THE DATA START

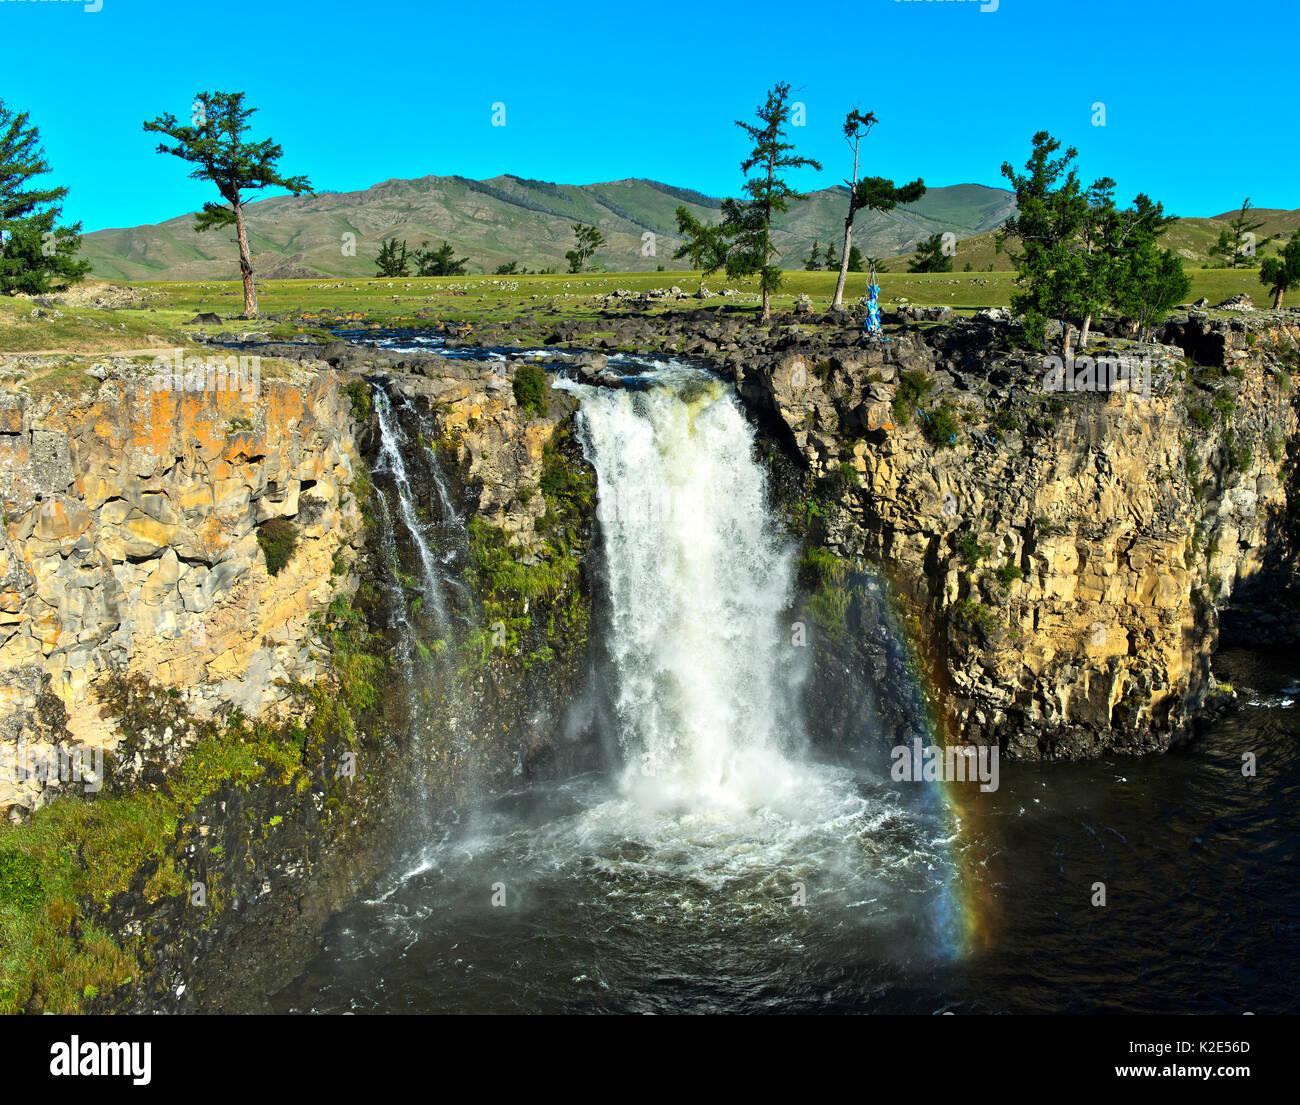 Orkhon Waterfall, Orchon Valley, Khangai Nuruu National Park, Övörkhangai Aimag, Mongolia - Stock Image
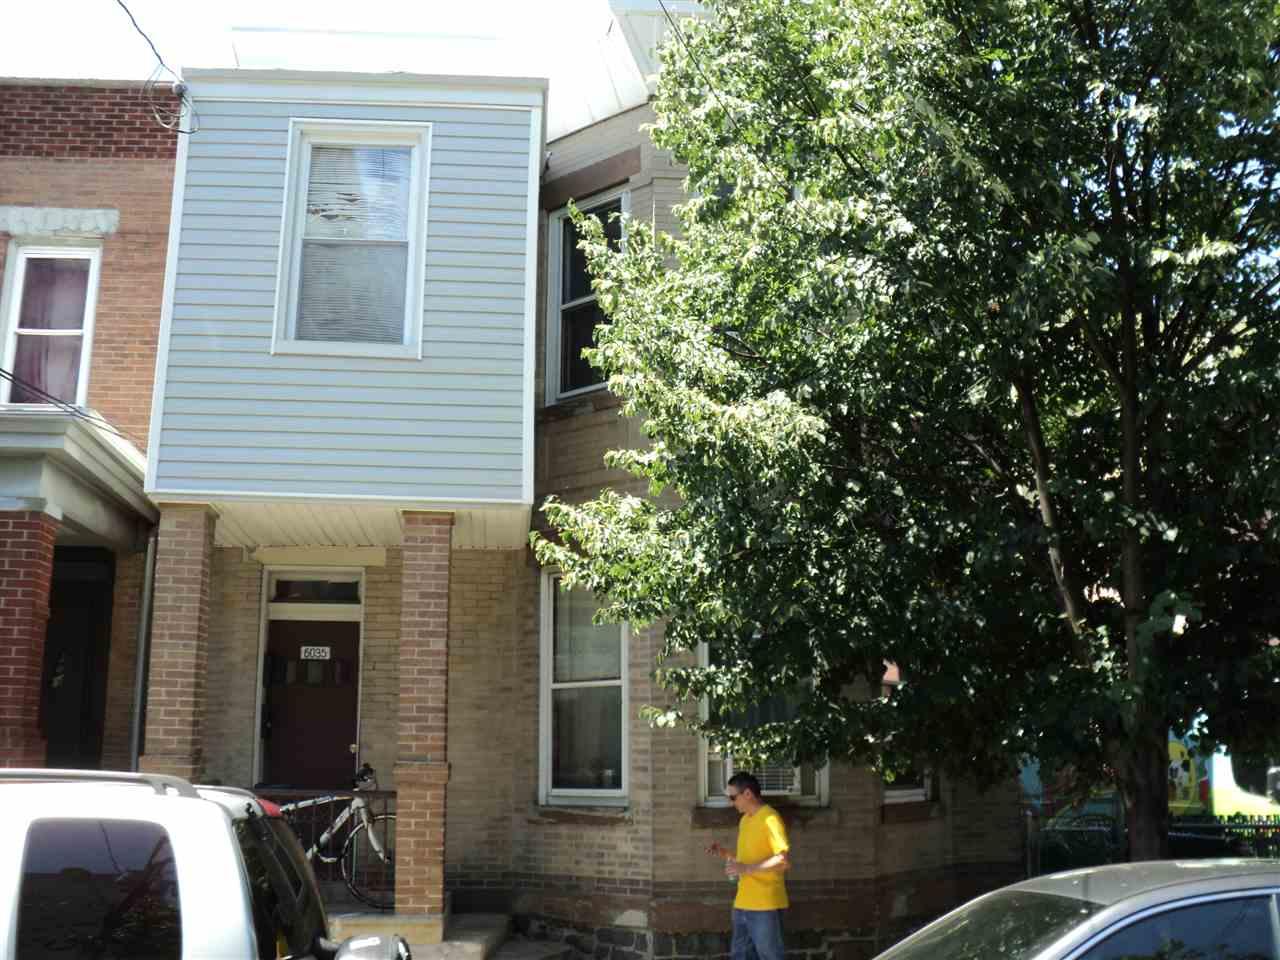 6035 MONROE PL, West New York, NJ 07093
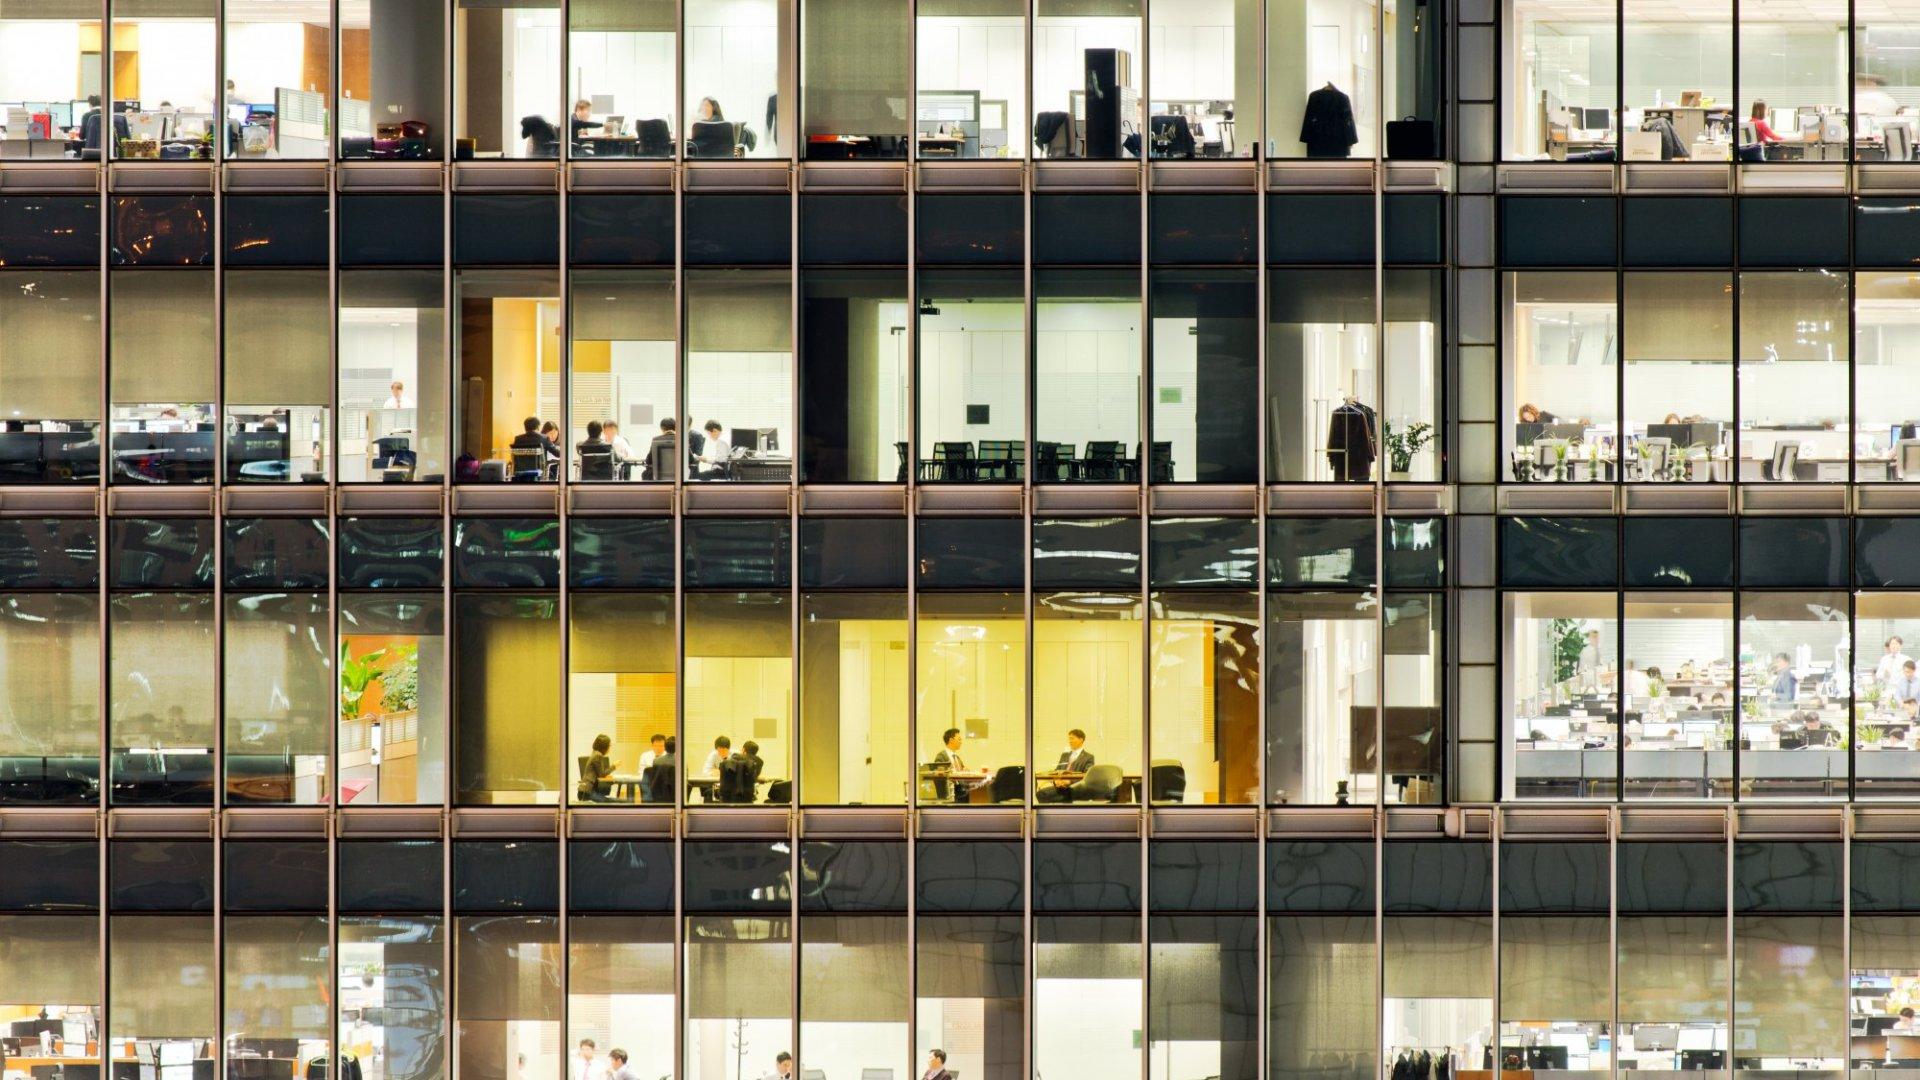 U.S. Employers Add 223,000 Jobs in May
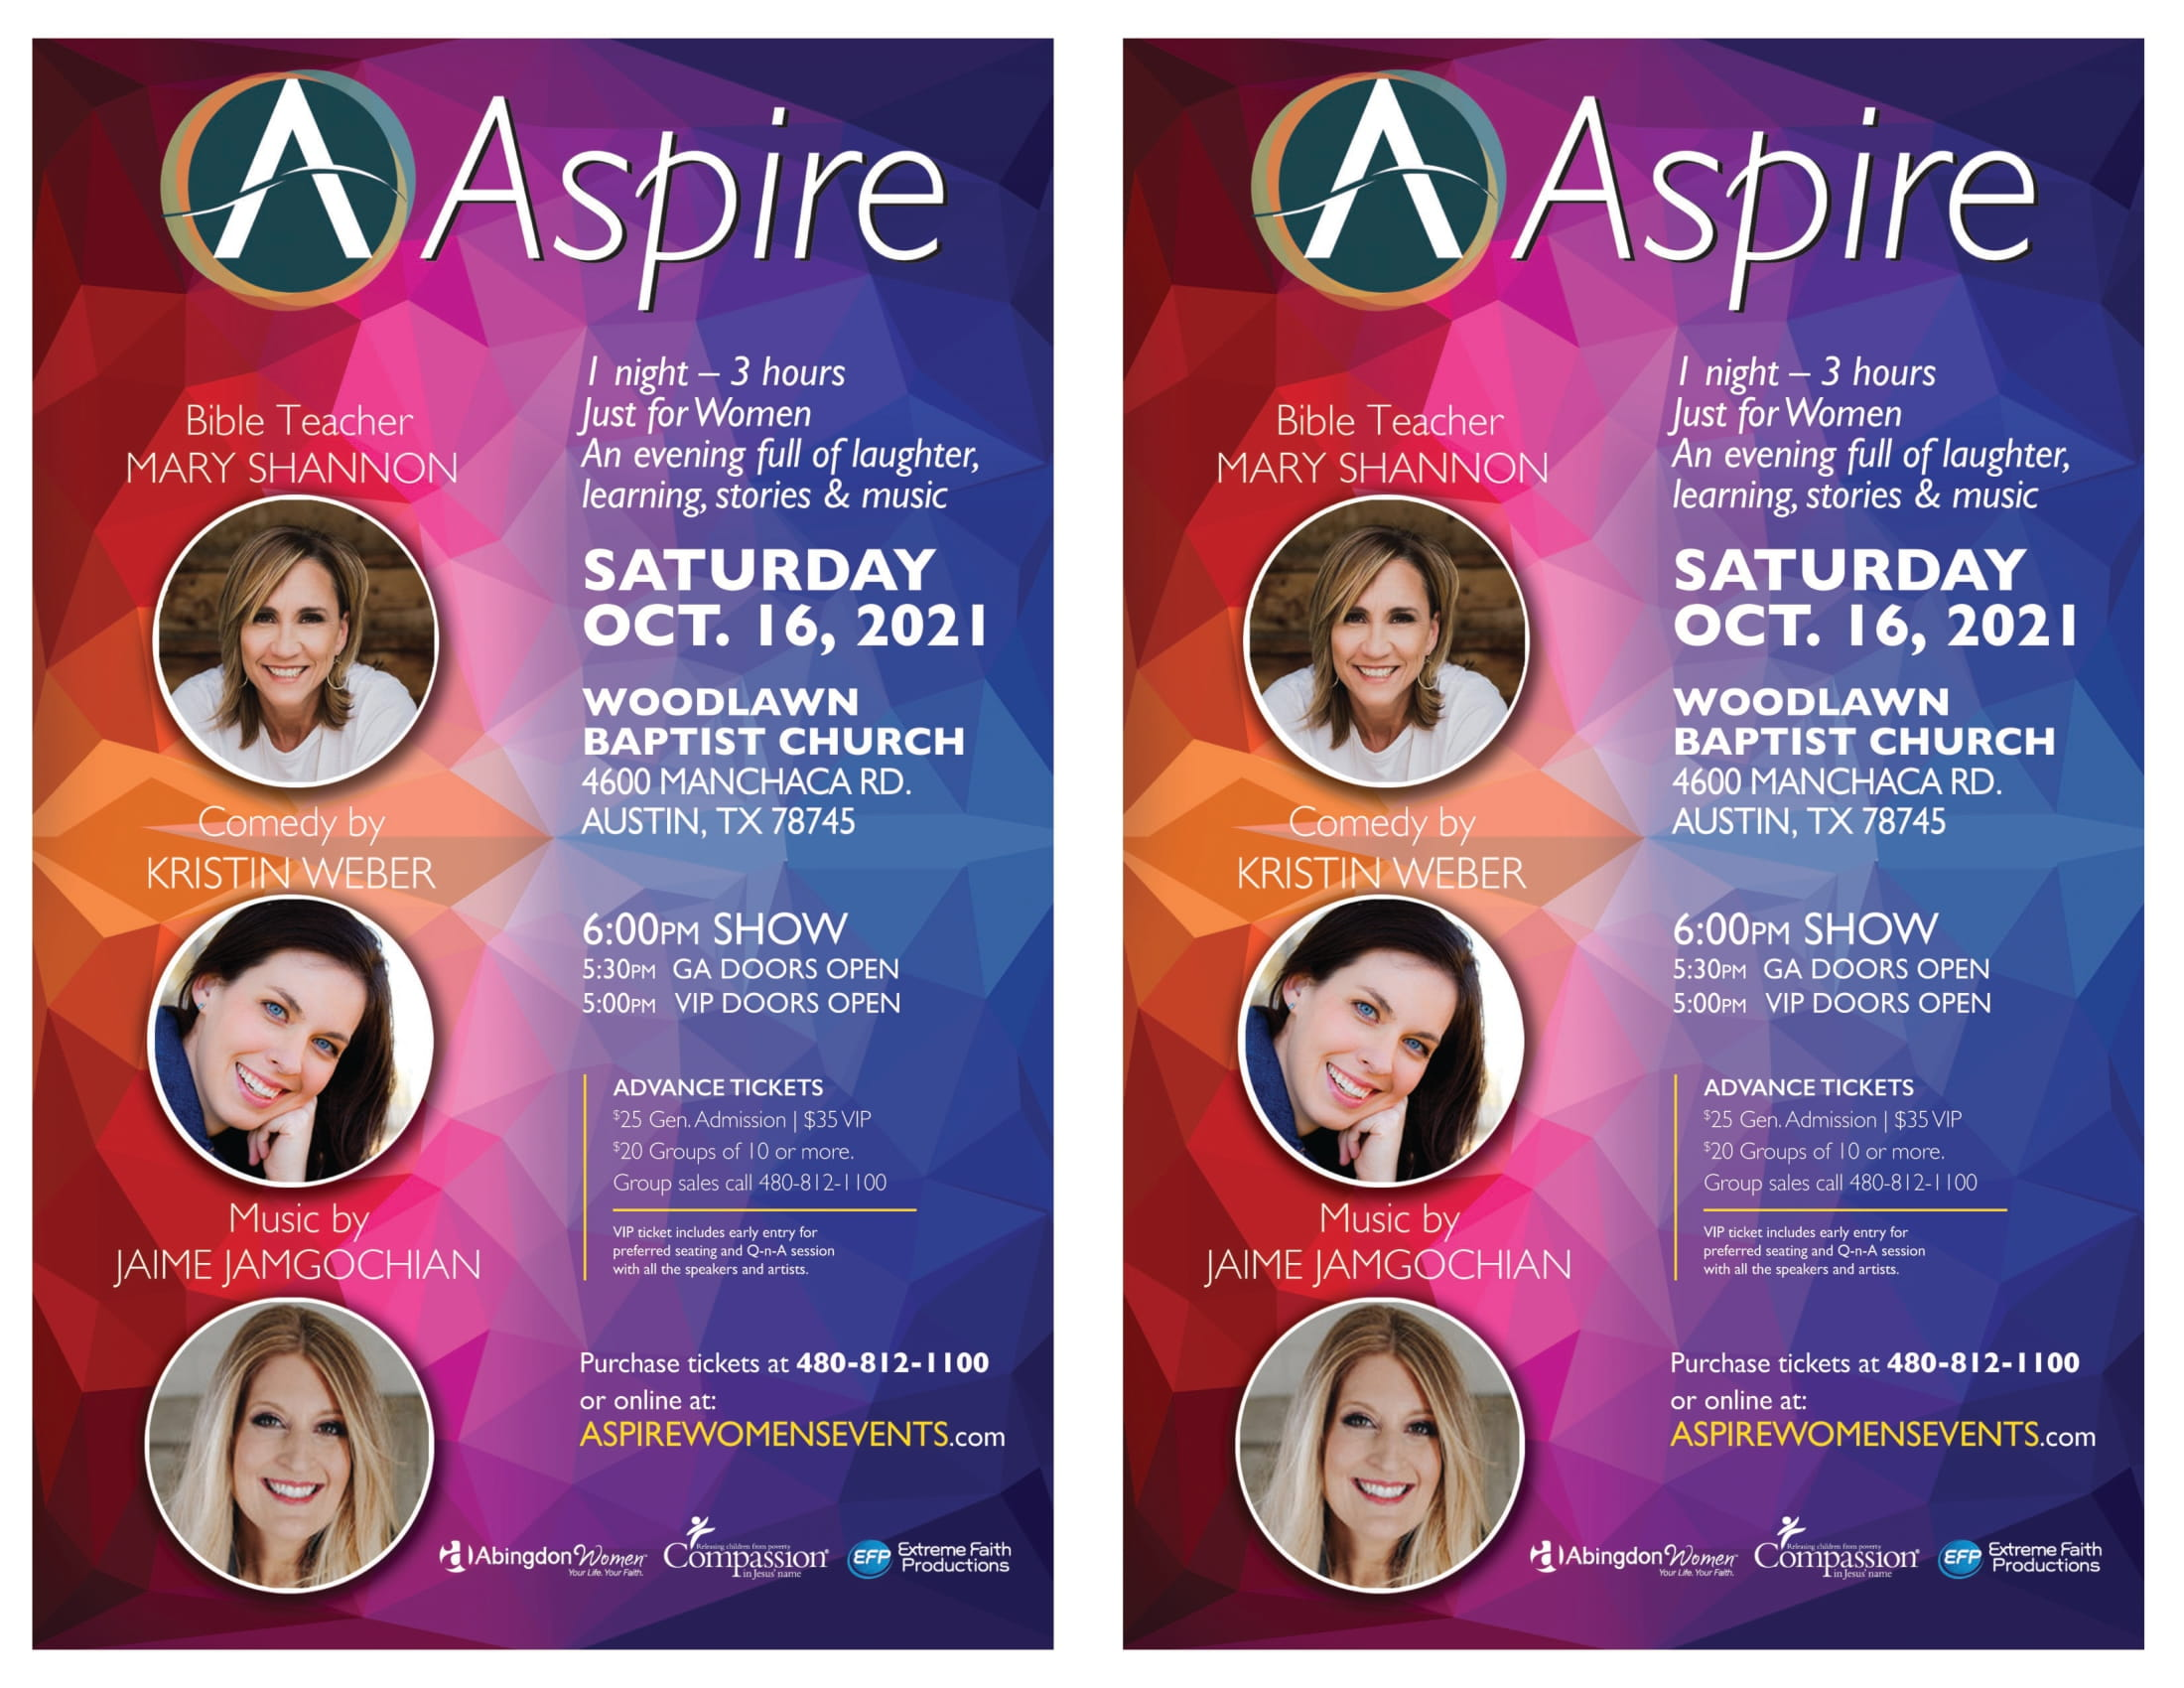 ASPIRE SAT Oct 16 Austin TX-2UP-1

THE DATA END

> ACTION ITEM
Once the pictures are removed, repeat all of the data above exactly.

> EXERCISE RESULT
 Orkhon Waterfall, Orchon Valley, Khangai Nuruu National Park, Övörkhangai Aimag, Mongolia - Stock Image
 6035 MONROE PL, West New York, NJ 07093
 U.S. Employers Add 223,000 Jobs in May
 ASPIRE SAT Oct 16 Austin TX-2UP-1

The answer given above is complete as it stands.